Nadi looked at herself in the bedroom mirror. Sarah, one of Raziel’s staff, had come by to drop off “proper clothes” and makeup for her. The woman barely made eye contact before leaving and shutting the door.

It was clear how little Monica meant to these people.

And that was fine—if they paid her no attention, it would be easier to dismantle them from the inside.

Leaning in, she touched up the deep red lipstick that had been brought for her.

It came as no surprise that she was wearing his colors—black and red.

The dress was revealing, with a plunging neckline that made wearing undergarments impossible, and thin straps on the back criss-crossing down to the waistline.

But it was hardly the most scandalous thing she’d ever worn in her life.

Besides, fae in the Wild usually wandered around stark naked, anyway.
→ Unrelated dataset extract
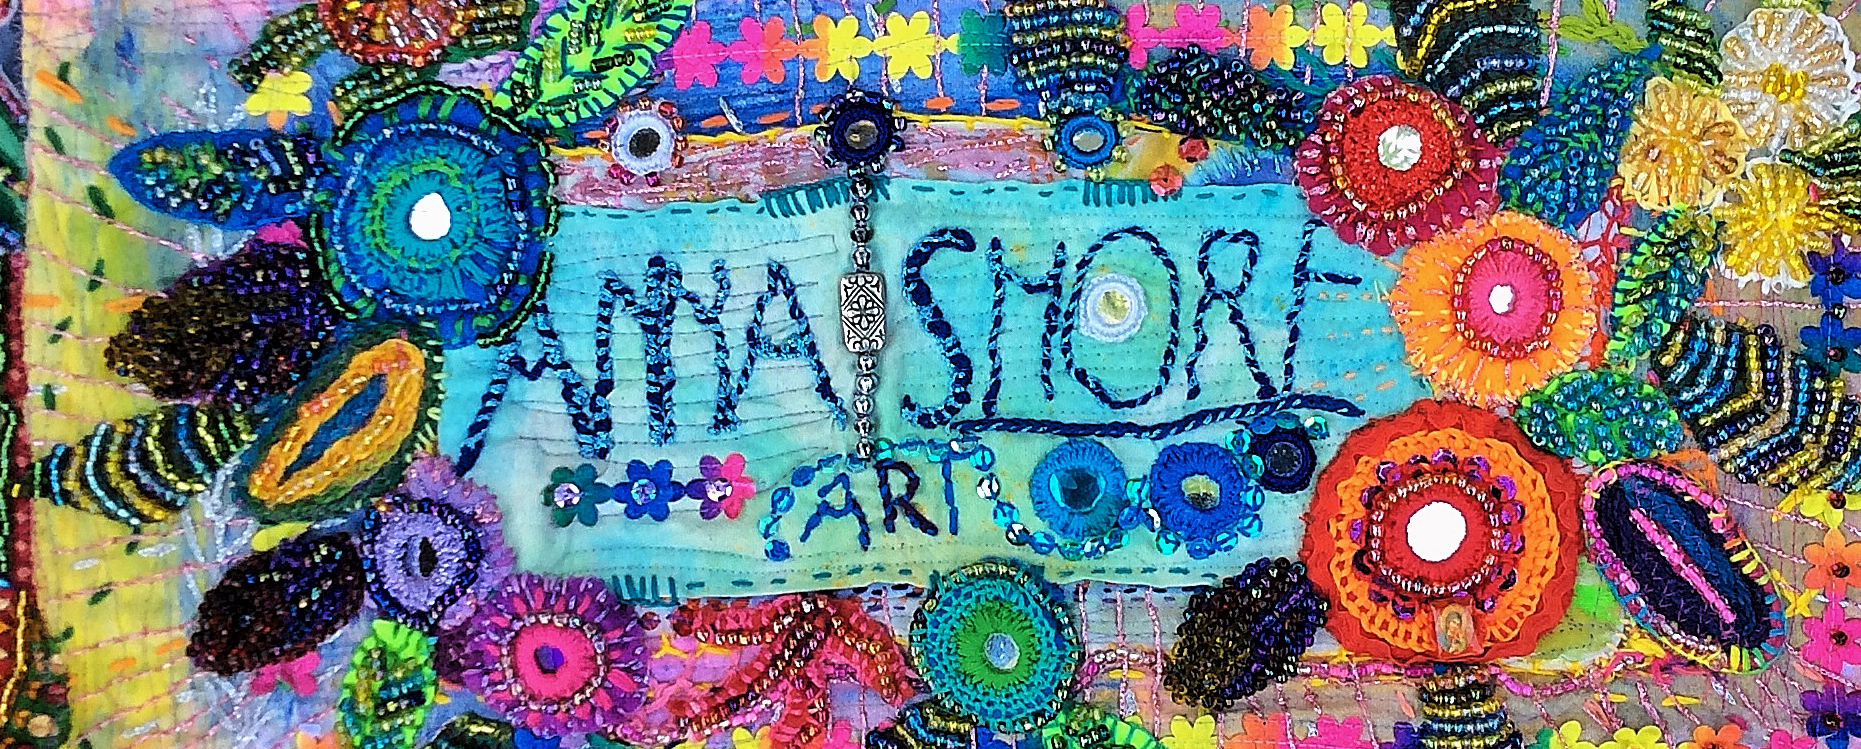 Anna Shore Art decorative banner
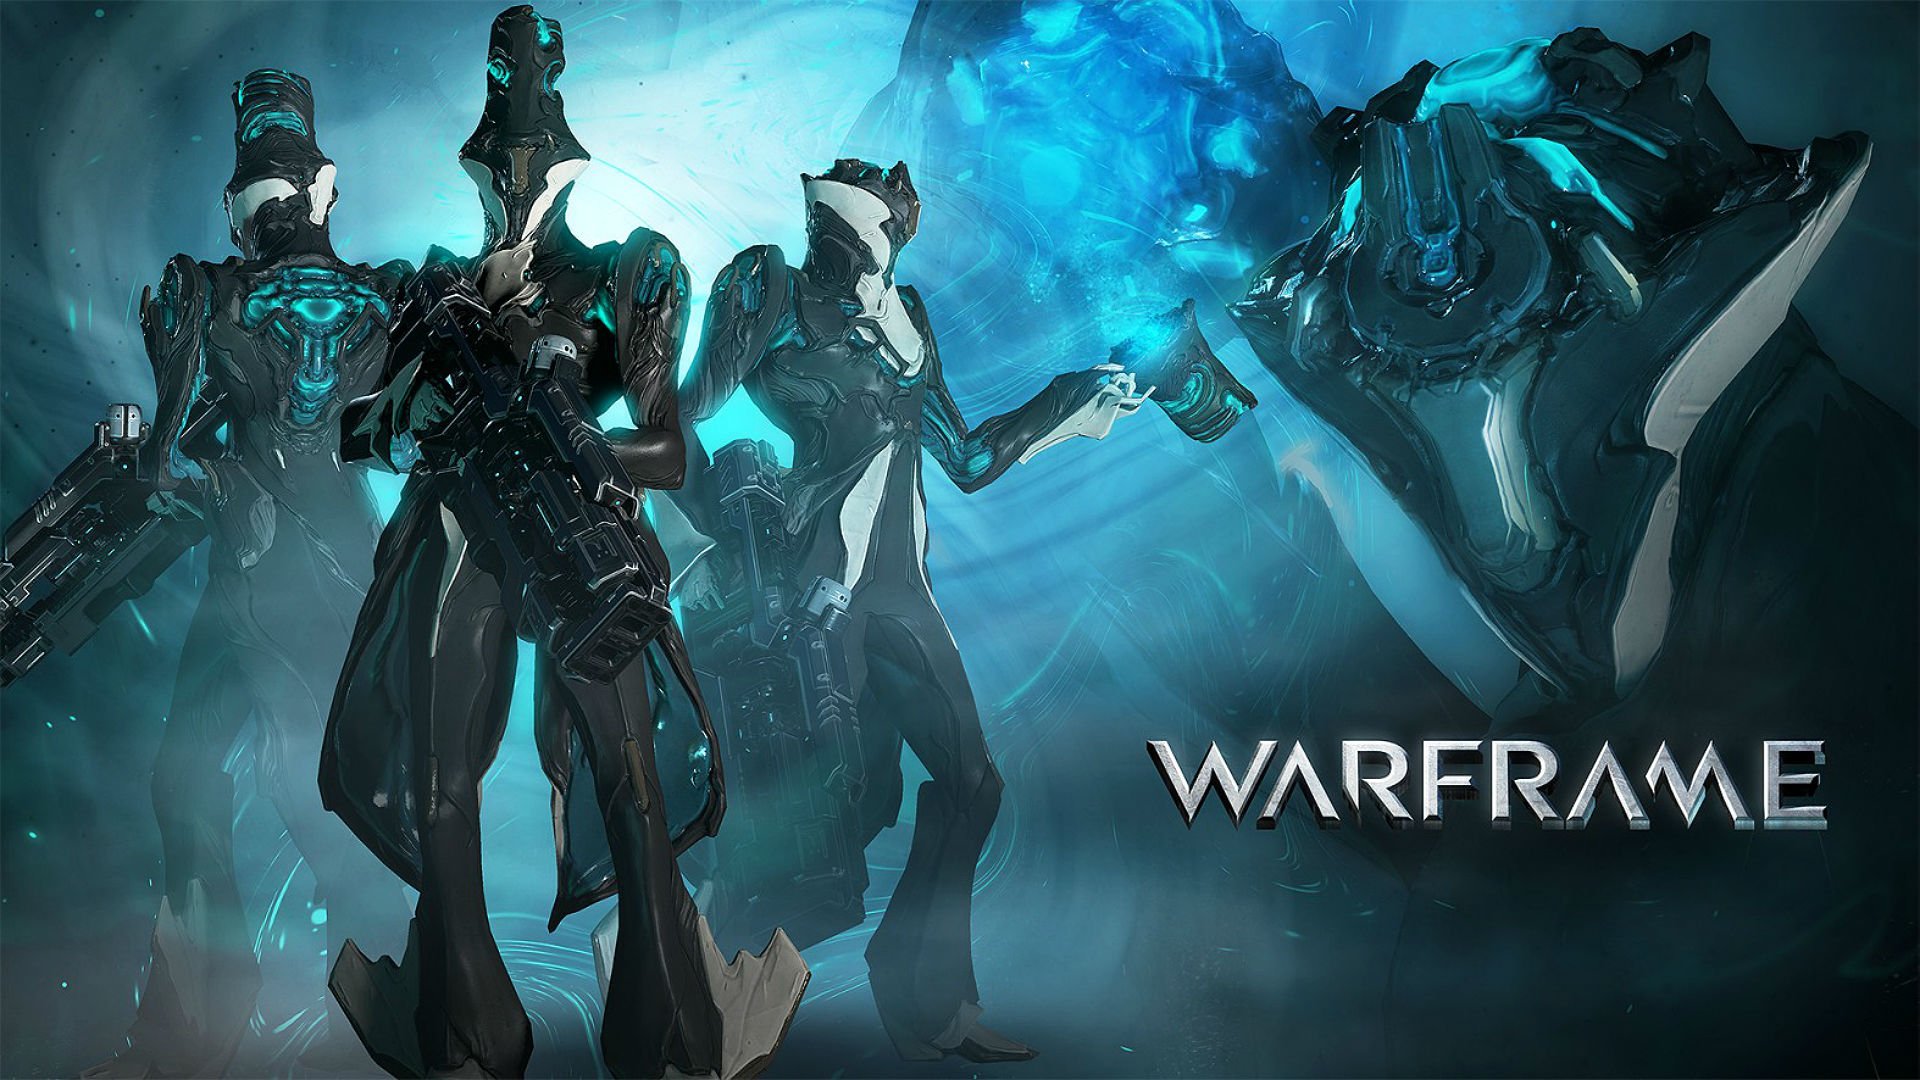 warframe, Warrior, Shooter, Robot, Cyborg, Online, Fighting, Sci fi, Poster Wallpaper

She was used to nudity.

The silk fabric and lack of a brand label told her it was expensive. The black stilettos and the makeup she had been brought were also clearly the best that money could buy.

Not because Raziel wanted to give his fiancée nice things, of course. But because he wanted her to look exclusive, like everything else in his life.

She was just an accessory to him.

Disgust boiled in her, but she swallowed it down. He was playing a game with her. And she was playing with him too. But they weren’t playing on the same board.

Curling her hair up into an artfully messy bun, she stuck the two long, pointed pins into it to keep the knot of hair secured. They were her only weapons here.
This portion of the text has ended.